Jews Don’t Count” no solo ha sido un éxito de público; ha resultado ser un revulsivo para poner el foco de la conversación en un punto muy necesario.

Hay un libro que está pegando fuerte en las librerías del Reino Unido y que, muy probablemente, no será editado en español o, cuando menos, no en fechas cercanas. Está escrito por un cómico, guionista y presentador de renombre en tierras inglesas, llamado David Baddiel. El autor tiene algún libro juvenil editado en nuestro país pero eso no parece que le vaya a abrir las puertas del mercado editorial en español.

El ensayo se llama Jews Don’t Count y lanza una reflexión sobre la tolerancia general (en especial de la izquierda más concienciada y combativa contra la discriminación) con el antisemitismo.

El libro empieza con algunos ejemplos de esa permisividad lacerante en el ámbito literario. Uno de ellos es en el año nuevo de 2007 en la Radio 4 de la BBC. Jeremy Irons lee la poesía completa de T.S. Eliot (Premio Nobel de Literatura en 1948) en la que se incluyen algunos versos antisemitas. Incluye su poema Gerontion, de connotaciones antisemitas y su poema “Burbank with a Baedeker: Bleistein with a Cigar” que reza:

The rats are underneath the piles. / The Jew is underneath the lot.

Para salvar ese momento, la BBC lleva al abogado judío Anthony Julius que además había escrito algún texto sobre el antisemitismo del poeta. Julius explicó cuan común era ese sentimiento en esa época y que Eliot había convertido ese sentimiento en Arte. Esto es, como la poesía redimía al autor angloestadounidense de esa probable carga de odio. Baddiel remarca lo inverosímil que sería que la BBC hiciera eso mismo con otra minoría oprimida, por ejemplo, la raza negra.

También se hace eco de una reseña de la novela Antkind de Charlie Kauffman en el periódico progresista The Observer en la que se afea que el narrador protagonista hable siempre desde el privilegio blanco, hombre, cis y hetero. El protagonista y narrador, no obstante, es un judío que es víctima de varios comportamientos antisemitas, lo que es omitido en la reseña en cuestión.

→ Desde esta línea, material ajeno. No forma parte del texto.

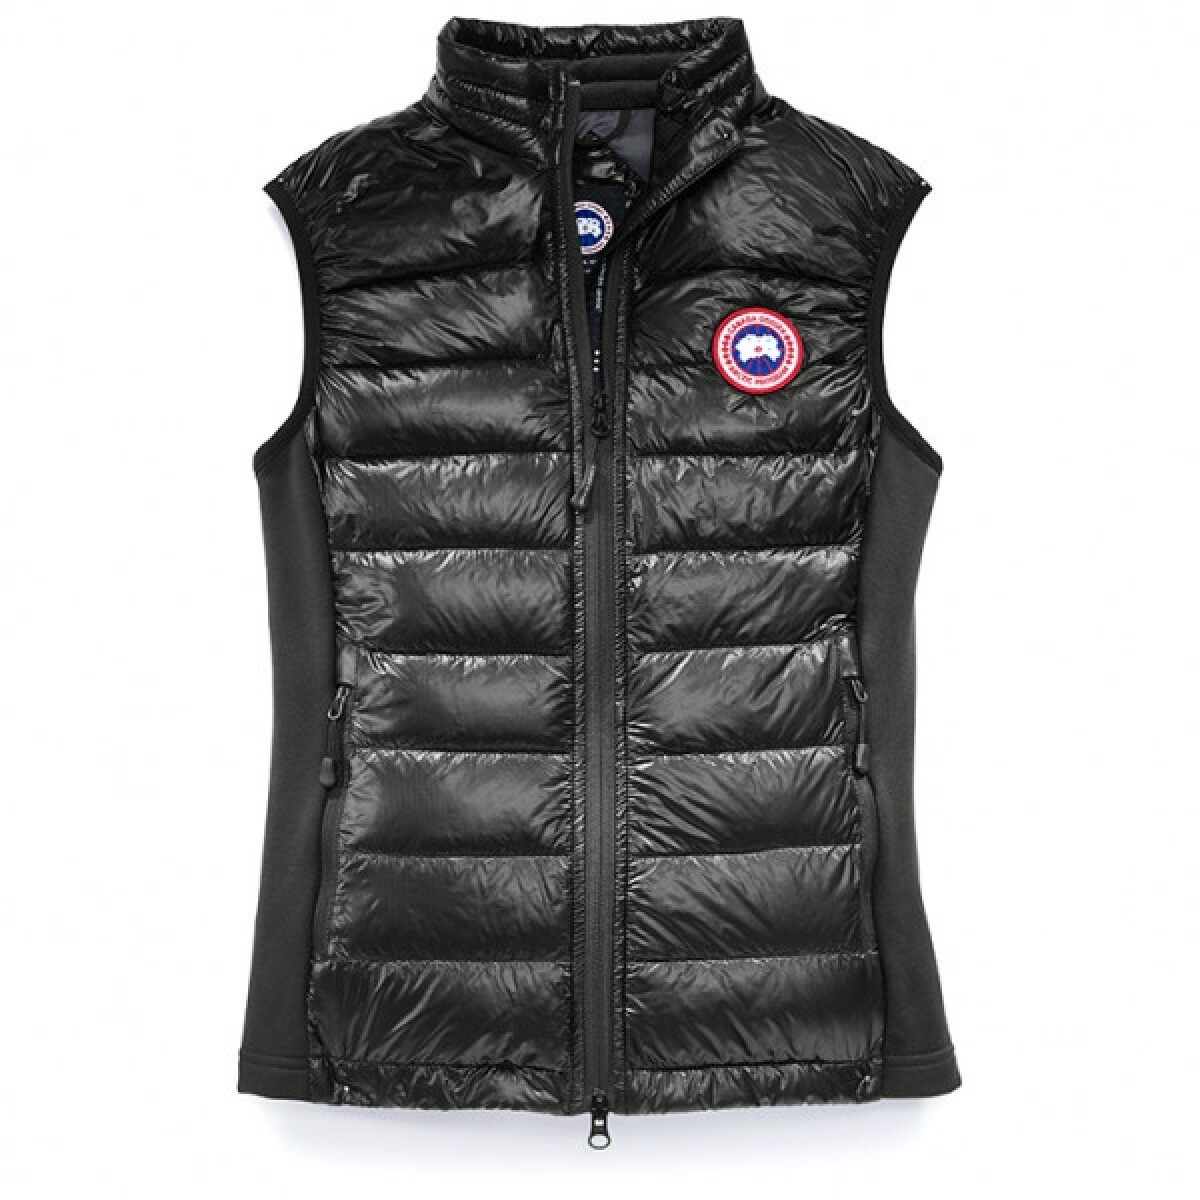 Canada Goose | Dames Bodywarmer| 2237 zwart
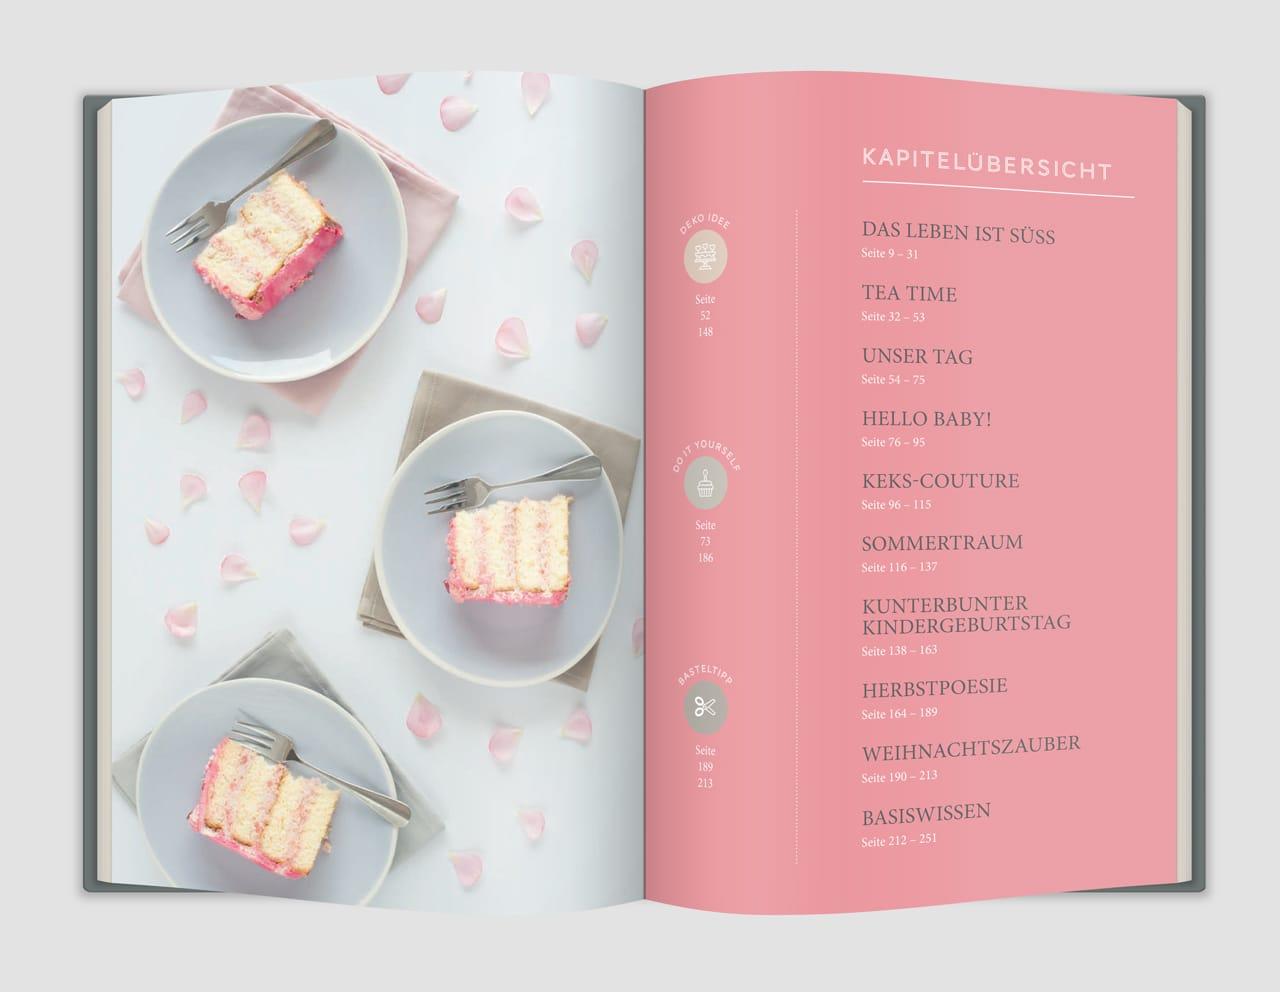 Backbuch: Tortenkunst und Keksdesign, Stephanie Juliette Rinner

David Baddiel nos da otros ejemplos de cómo para los movimientos de defensa de las minorías, los judíos “no cuentan”, como una pintada en el museo Dickens que decía “Dickens era un racista” a raíz de una carta contra los indios en 1857. Para el autor, es muy curioso que sea esta carta la que despierte las conciencias sobre el racismo de Charles Dickens cuando su personaje Fagin, de Oliver Twist, es un claro ejemplo de racismo que ha estado a la vista de todos durante casi dos siglos.

Jews Don’t Count, que ha escalado hasta la tercera posición entre los libros más vendidos en el Reino Unido, se cuestiona el motivo por el cuál los judíos no entran en la categoría de los damnificados y sí en la de los privilegiados y poderosos (el establishment) y se hace eco de cómo la izquierda está dejando fuera de juego a muchos judíos tradicionalmente identificados con ideas progresistas.

Los judíos han sido denostados por personalidades destacadas como Charlie Sheen, Mel Gibson o Galiano y cada cierto tiempo un nuevo desatino sale a la luz. Y el libro pone de manifiesto que si la cultura woke tiene un sentido, debe contener también a los judíos.

A pesar de que la publicación cuenta con importantes valedores, como Stephen Fry, Hugh Laurie o Sarah Silverman que hablan del texto como una obra maestra y de que abre una nueva puerta cuando parecía que sobre el antisemitismo estaba todo escrito, tal y como abríamos este artículo, el libro tiene pocas posibilidades de publicarse en nuestro país. No por la bisoñez de los editores sino porque la óptica y los ejemplos son muy anglosajones. Sin embargo, el asunto es absolutamente universal y también aquí deberíamos plantearnos si deberíamos levantarnos más efusivamente contra el antisemitismo para que nadie pueda reprocharnos que “ los judíos no cuentan” tampoco aquí.